● EXERCISE DIRECTIONS
The data below should be copied out exactly, with its pictures omitted.

● INPUT DATA
====

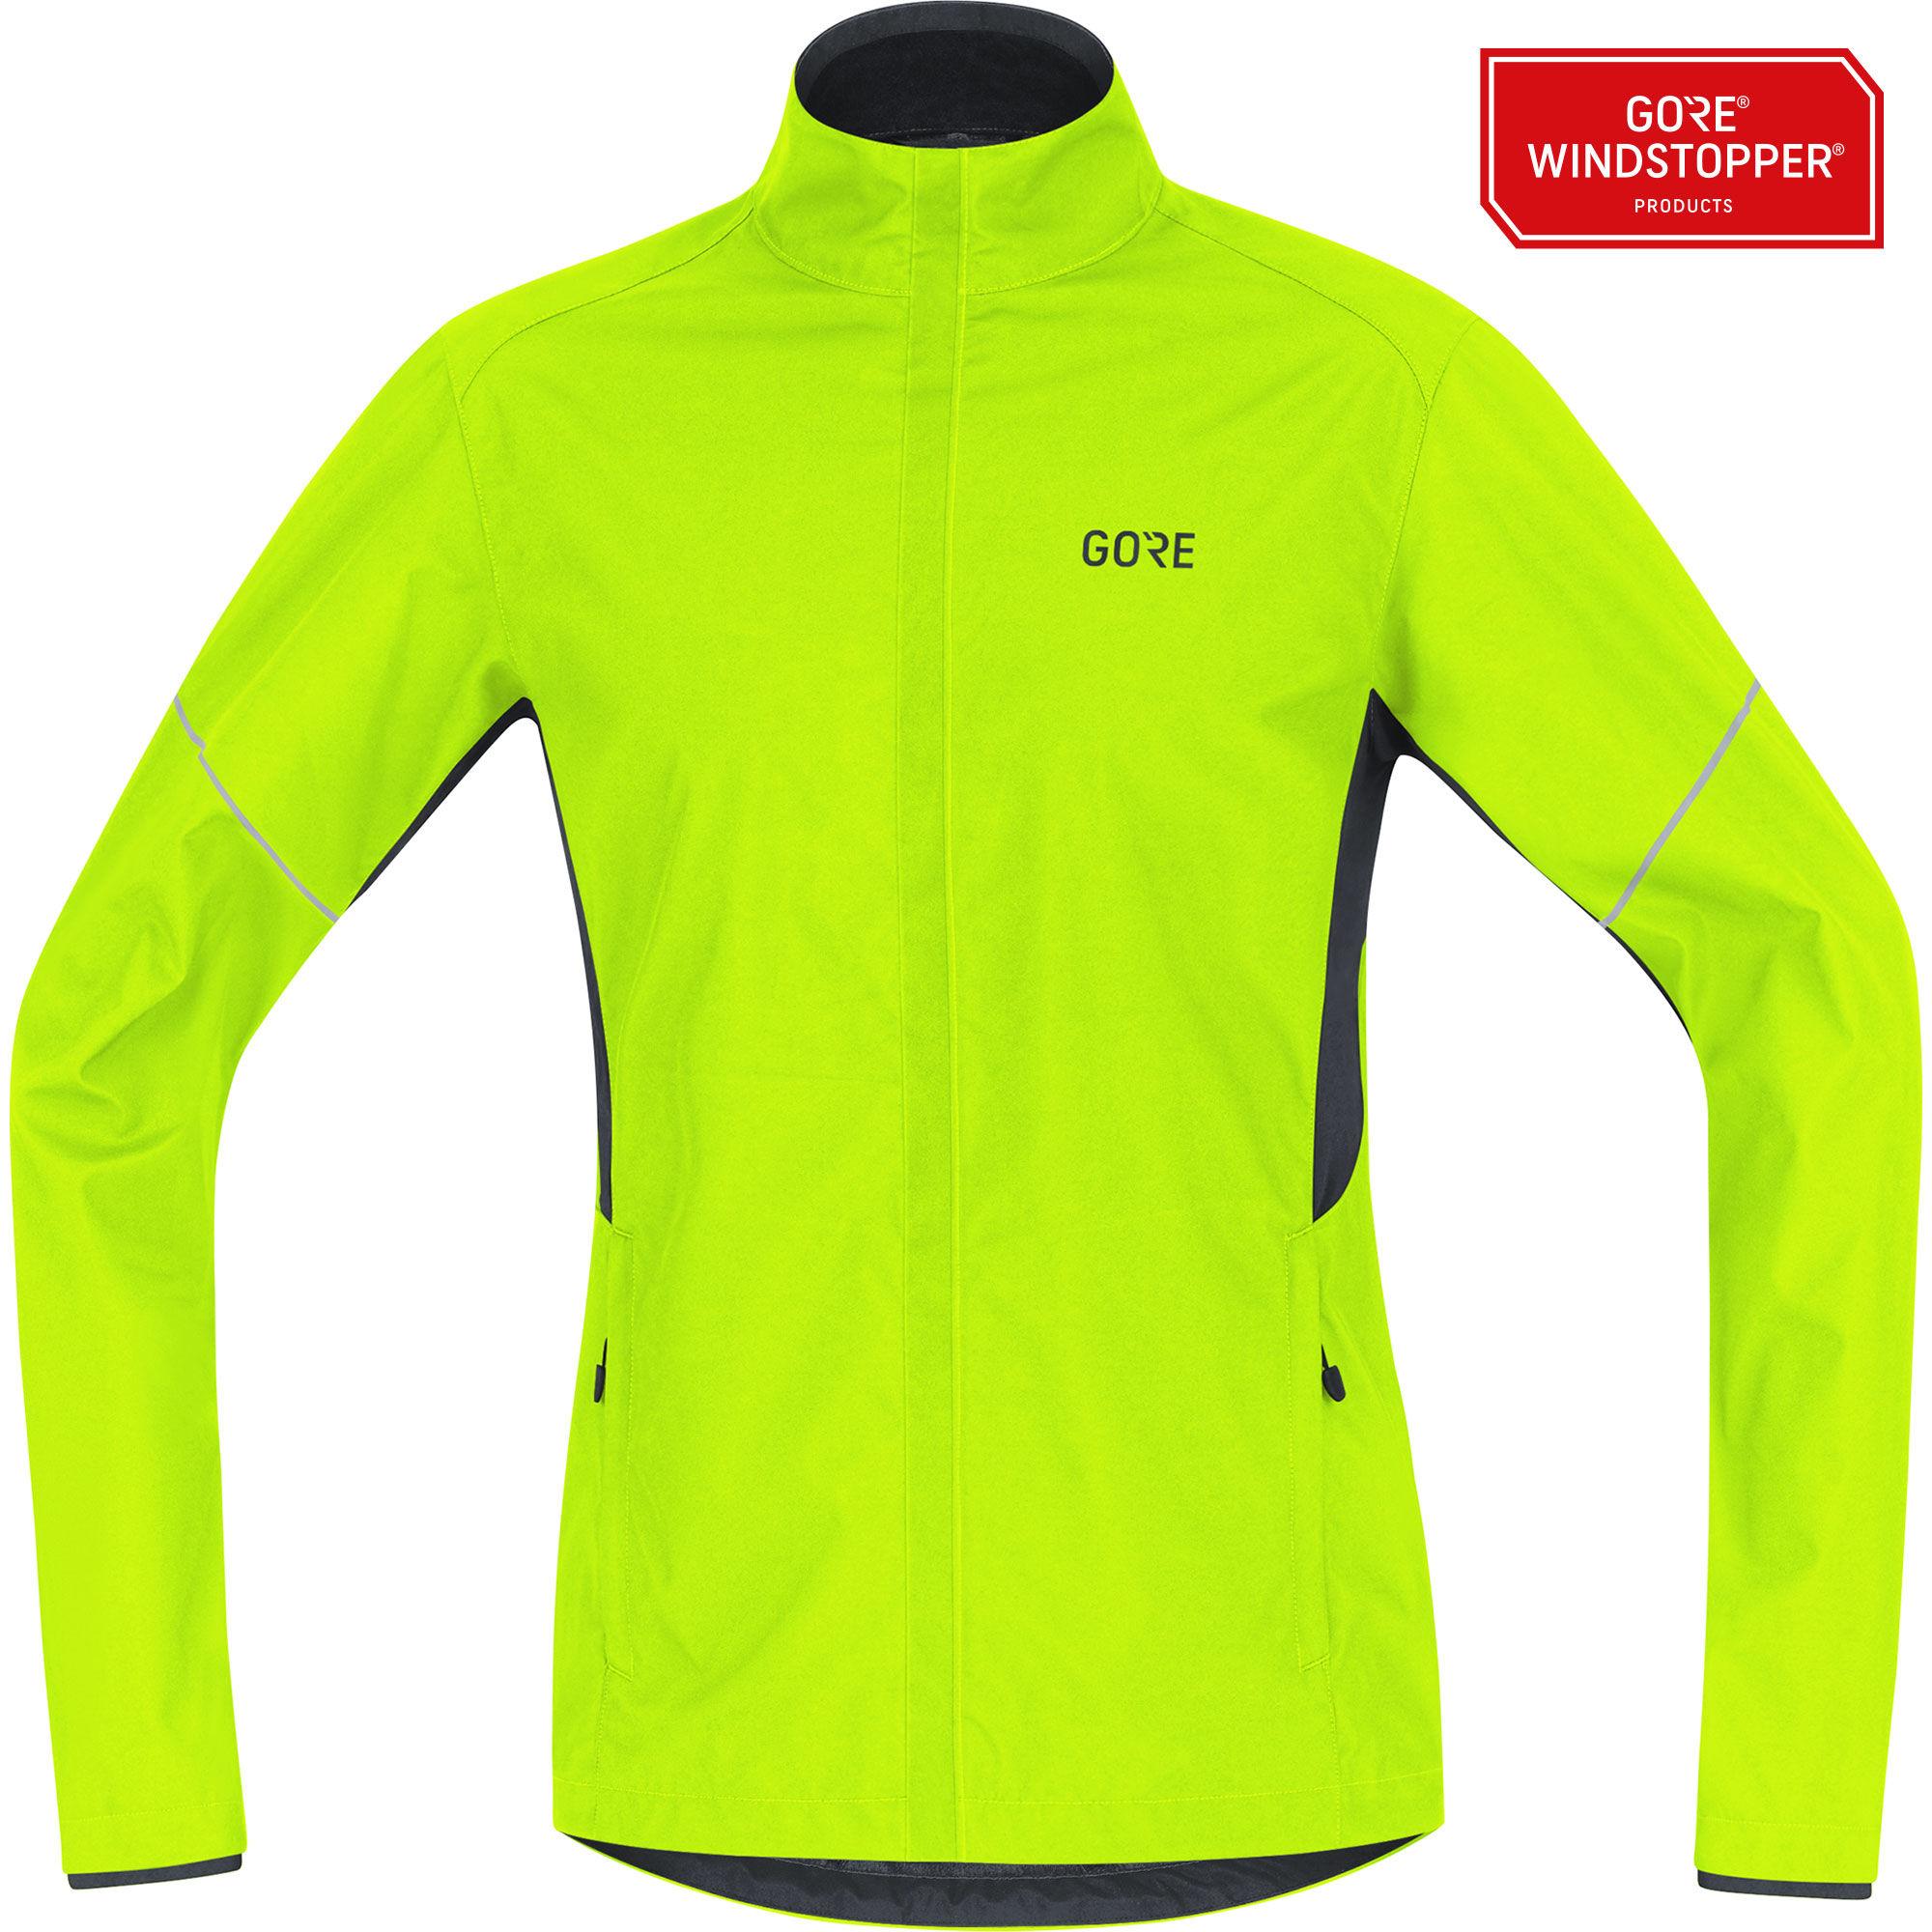 Gore R3 Partial GWS Jacke (Neon Gelb)
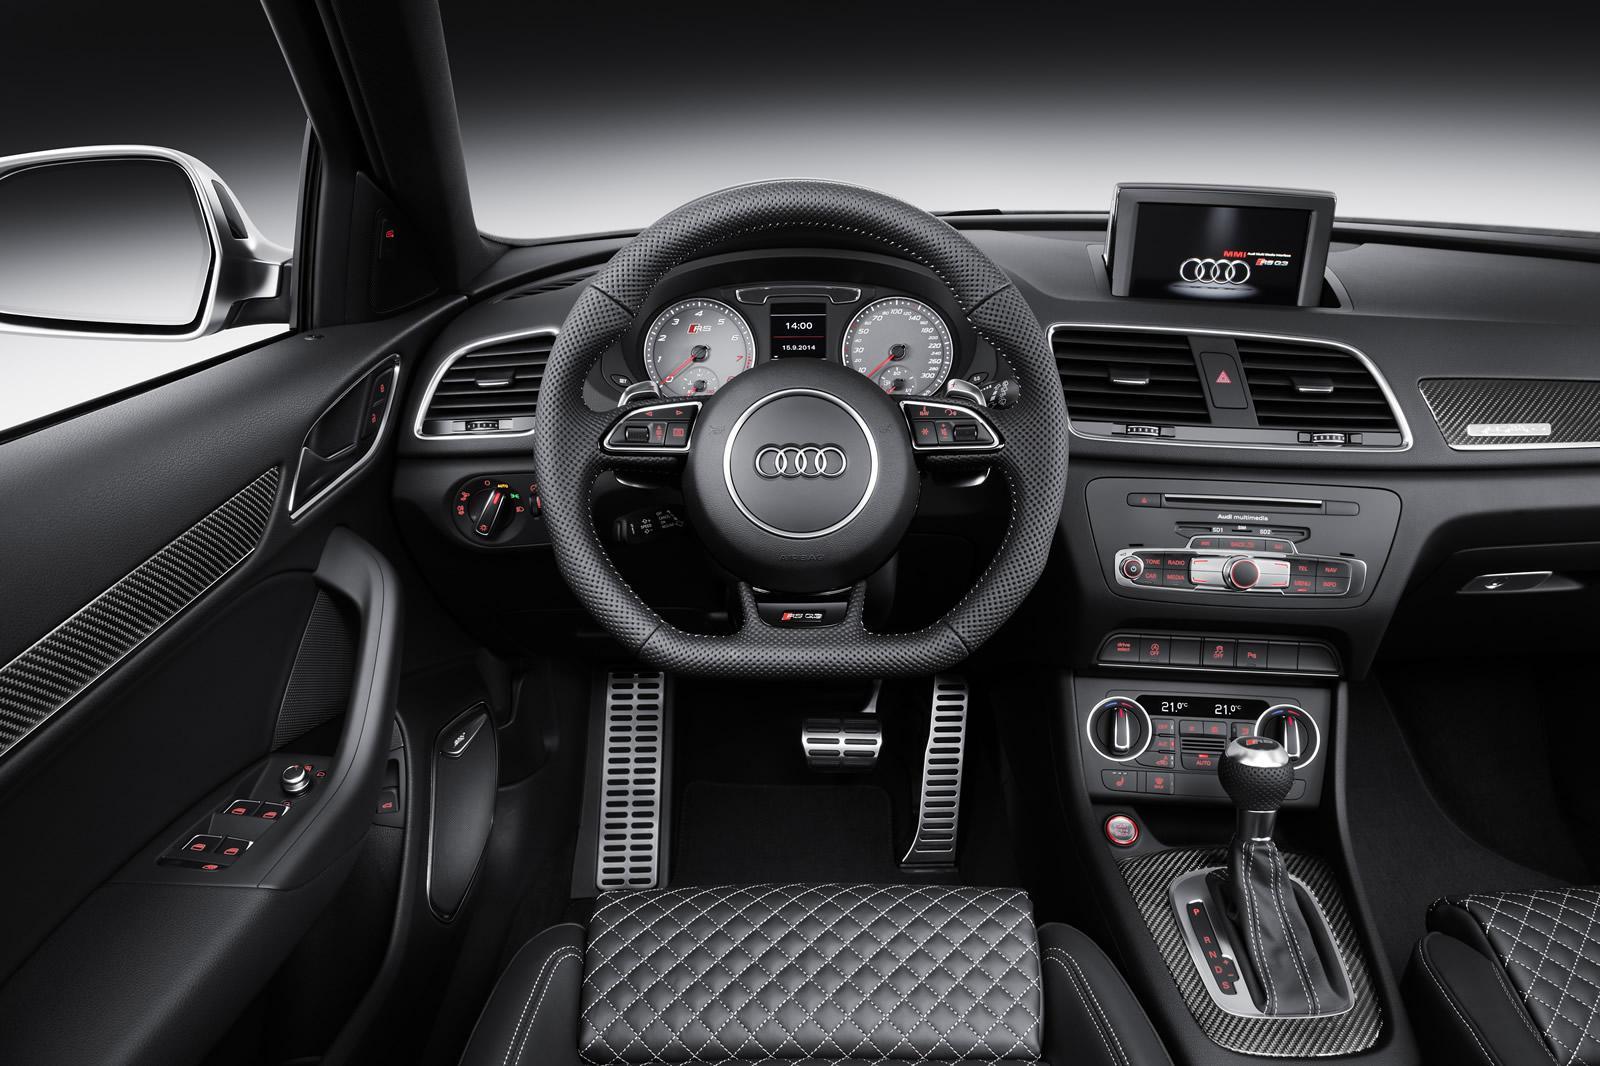 2015 Audi RS Q3 facelift steering wheel
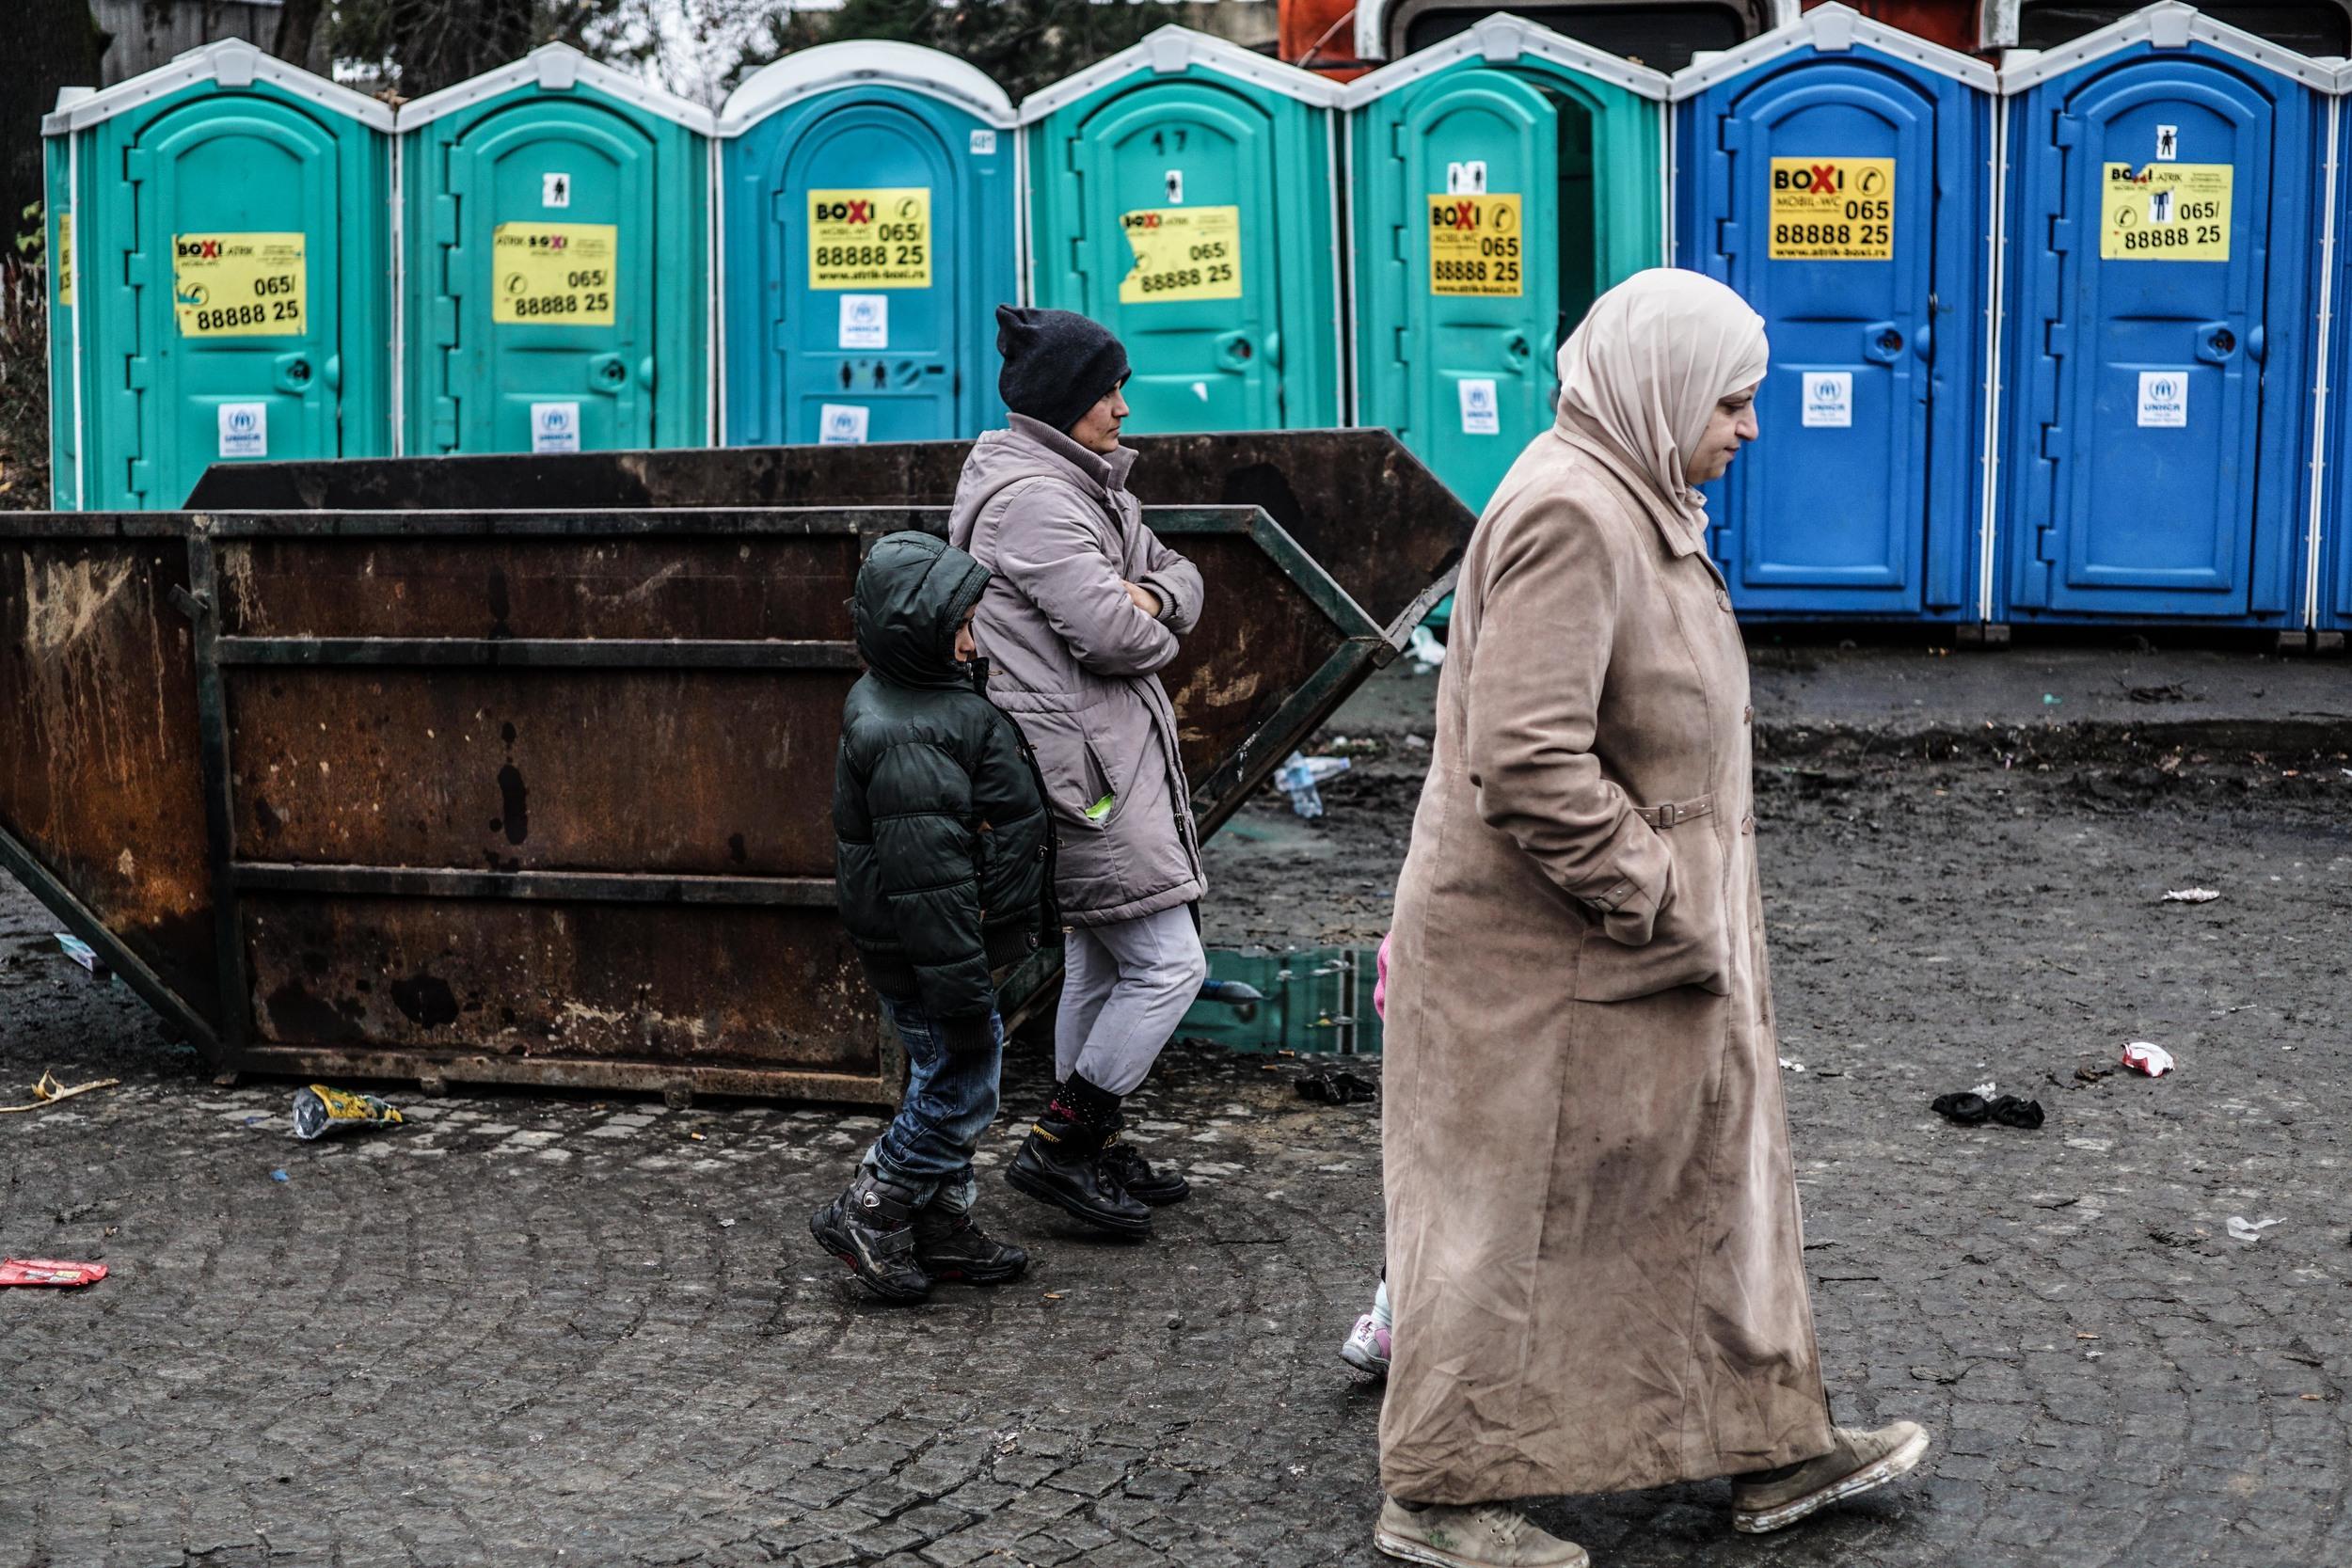 Syrian Refugee Crisis Serbia November 2015 4.jpg

====

● EXERCISE RESULT
 Gore R3 Partial GWS Jacke (Neon Gelb)
 2015 Audi RS Q3 facelift steering wheel
 Syrian Refugee Crisis Serbia November 2015 4.jpg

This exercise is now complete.